[Source data Boundary: Start]

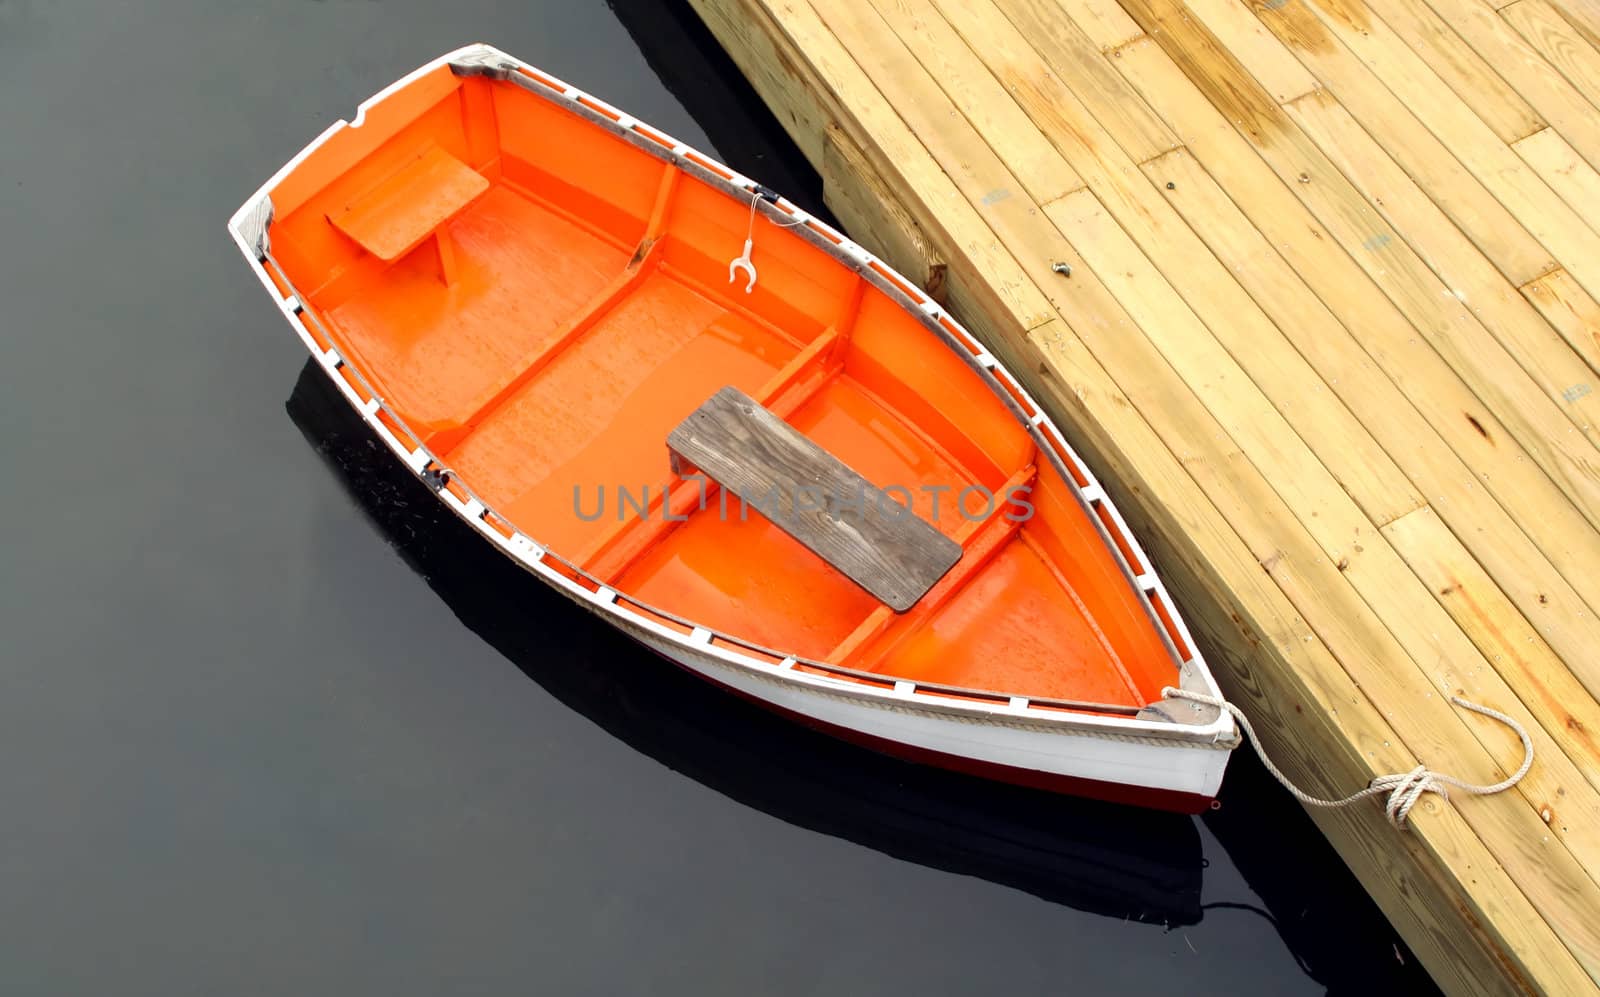 Orange Boat by thephotoguy
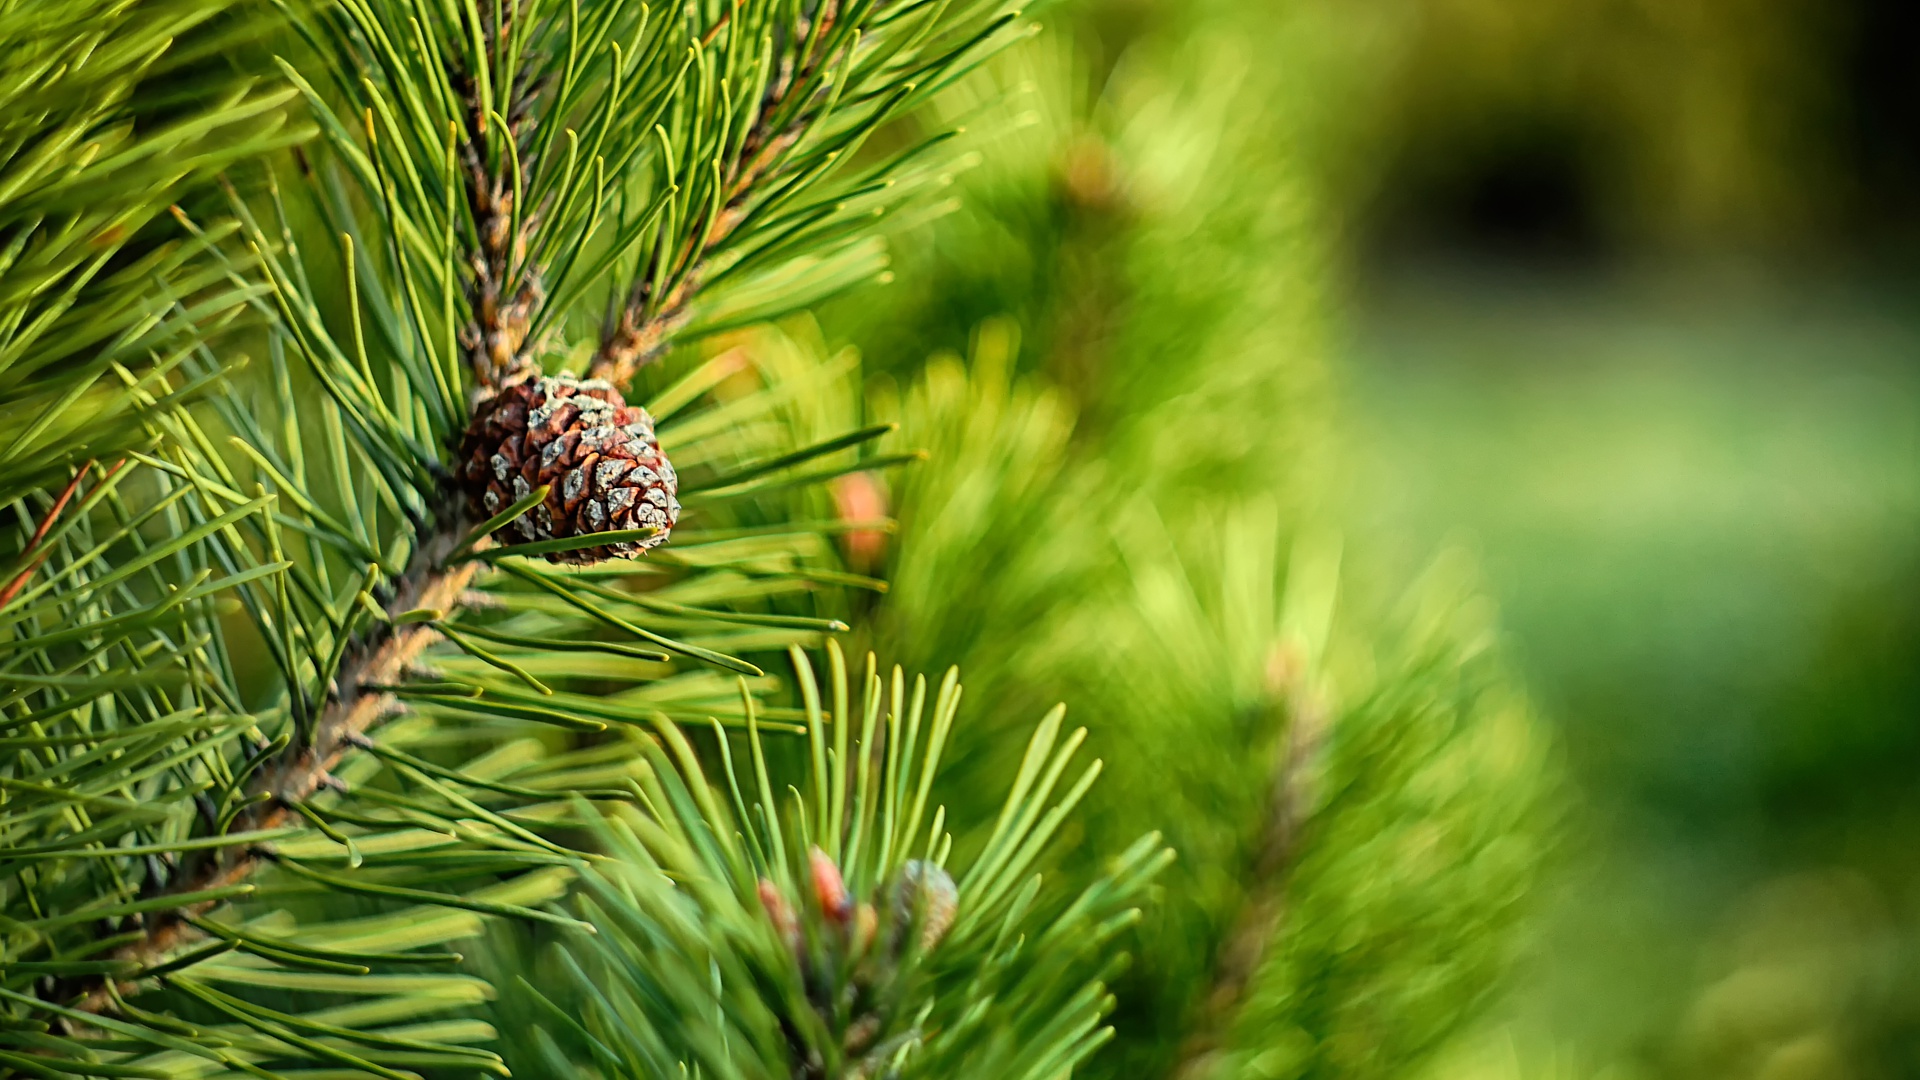 General 1920x1080 macro nature green pine cones pine trees closeup depth of field trees photography vibrant
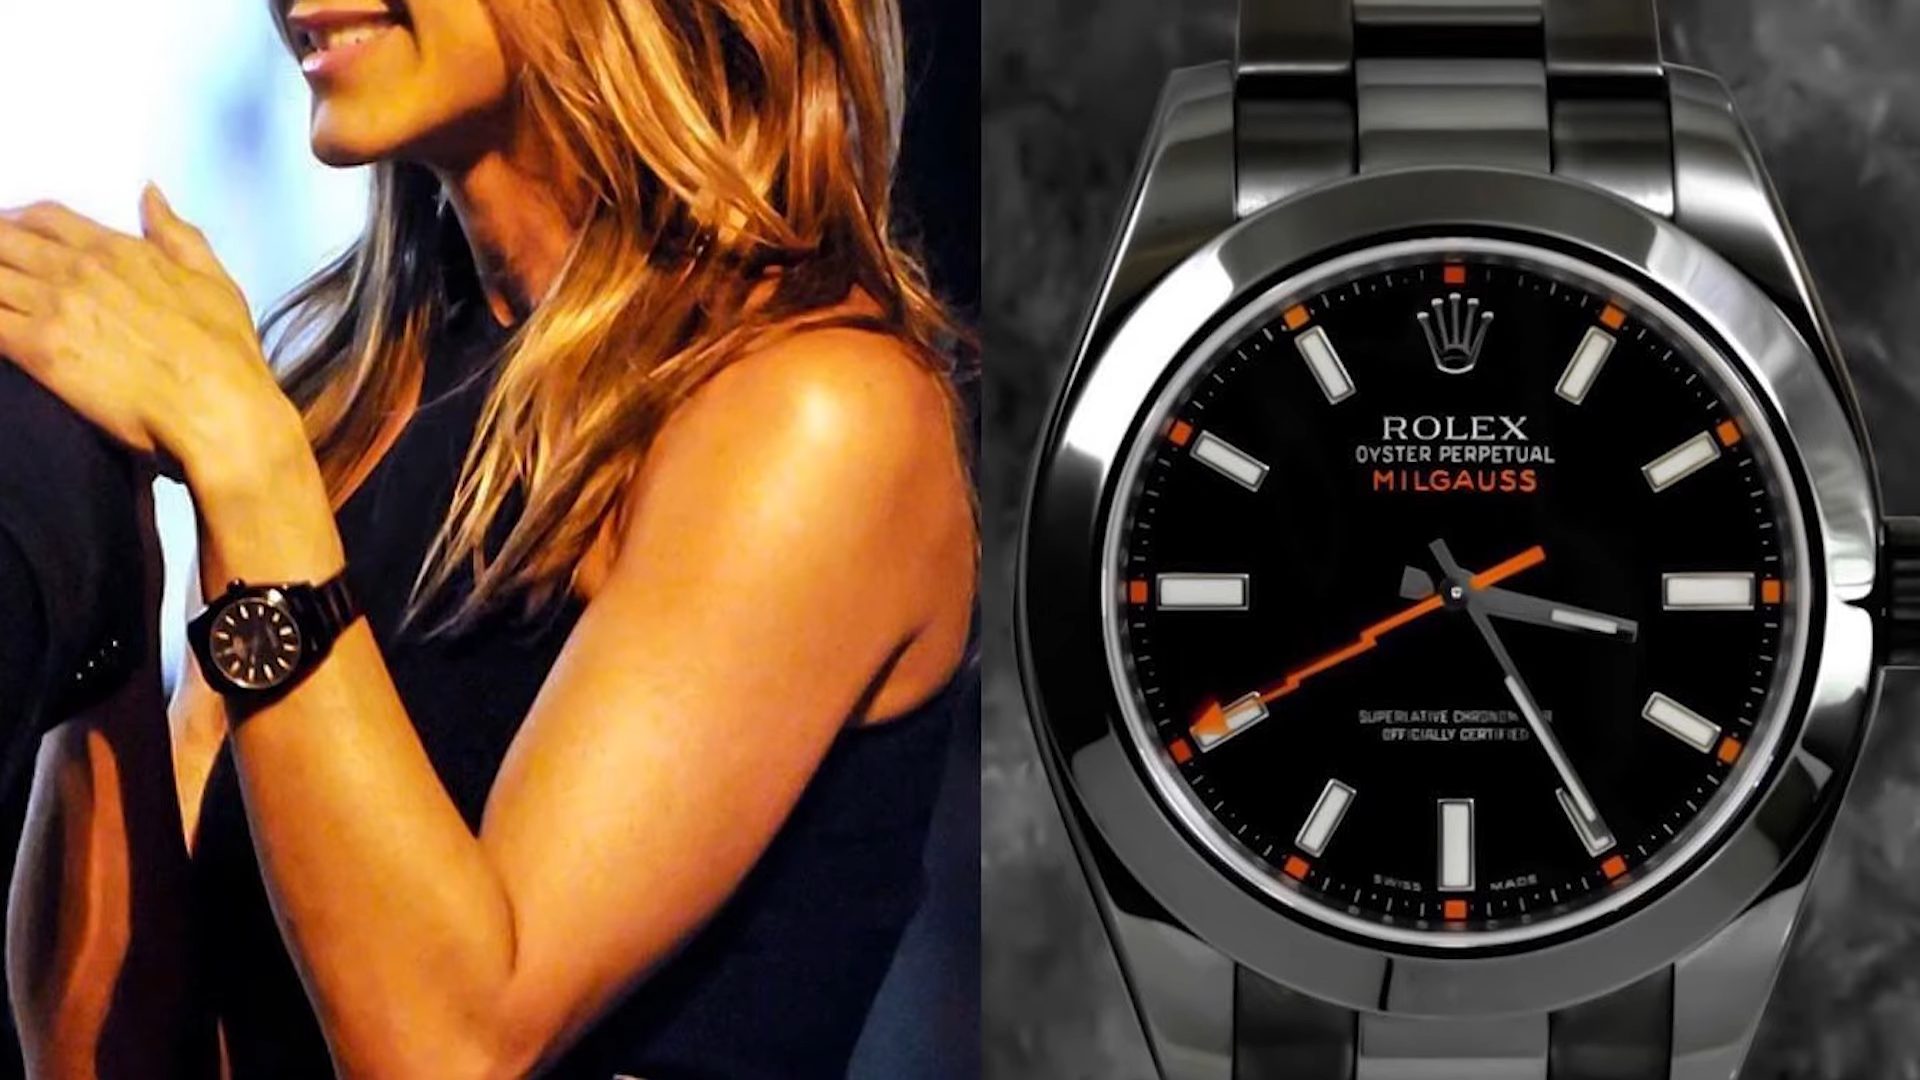 Jennifer Aniston wearing Rolex
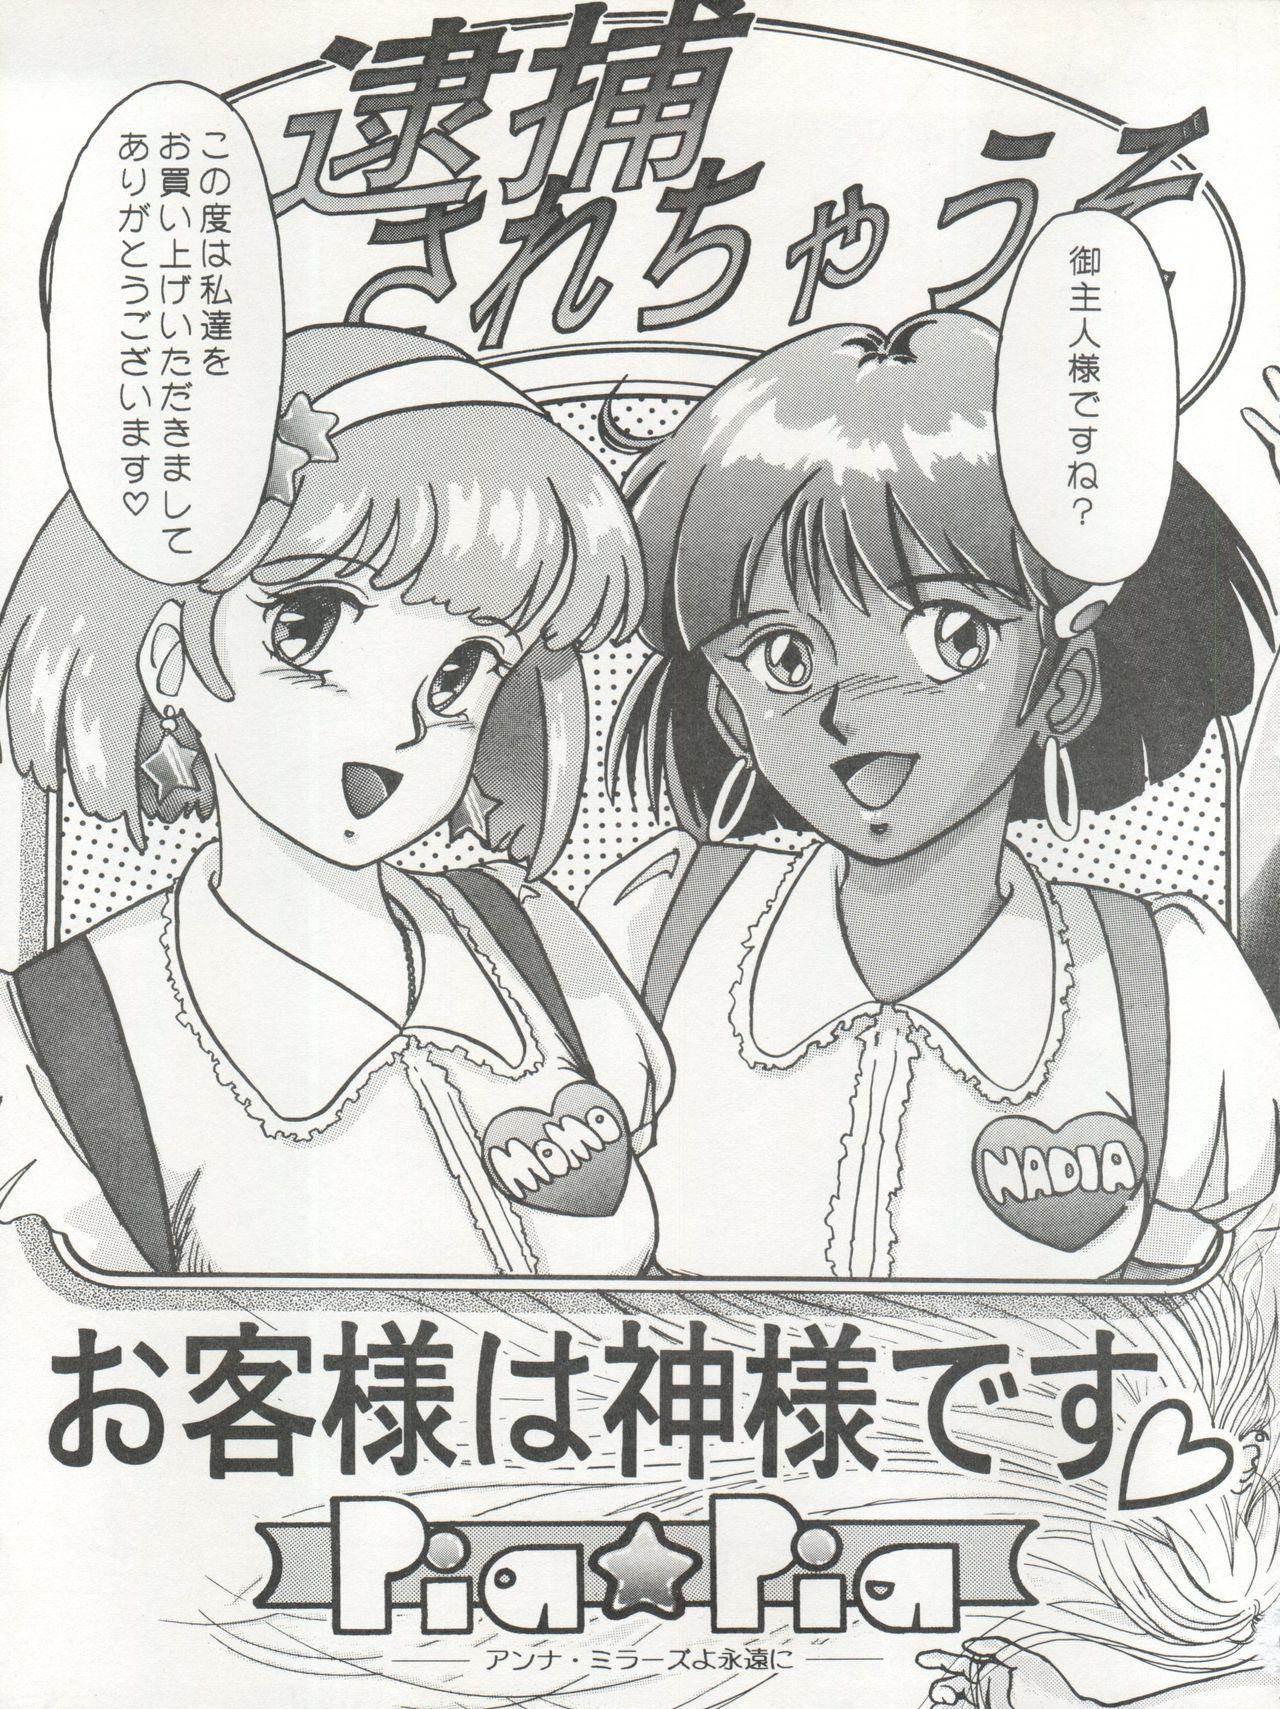 Matures 逮捕されちゃうぞ - Fushigi no umi no nadia Youre under arrest Minky momo 3x3 eyes Bisex - Page 3

[Source data Boundary: End]

--- Exercise description ---
Transcribe the listing in full. Omit the pictures and keep every line exact.

--- Response for this exercise ---
 Orange Boat by thephotoguy
 General 1920x1080 macro nature green pine cones pine trees closeup depth of field trees photography vibrant
 Jennifer Aniston wearing Rolex
 Matures 逮捕されちゃうぞ - Fushigi no umi no nadia Youre under arrest Minky momo 3x3 eyes Bisex - Page 3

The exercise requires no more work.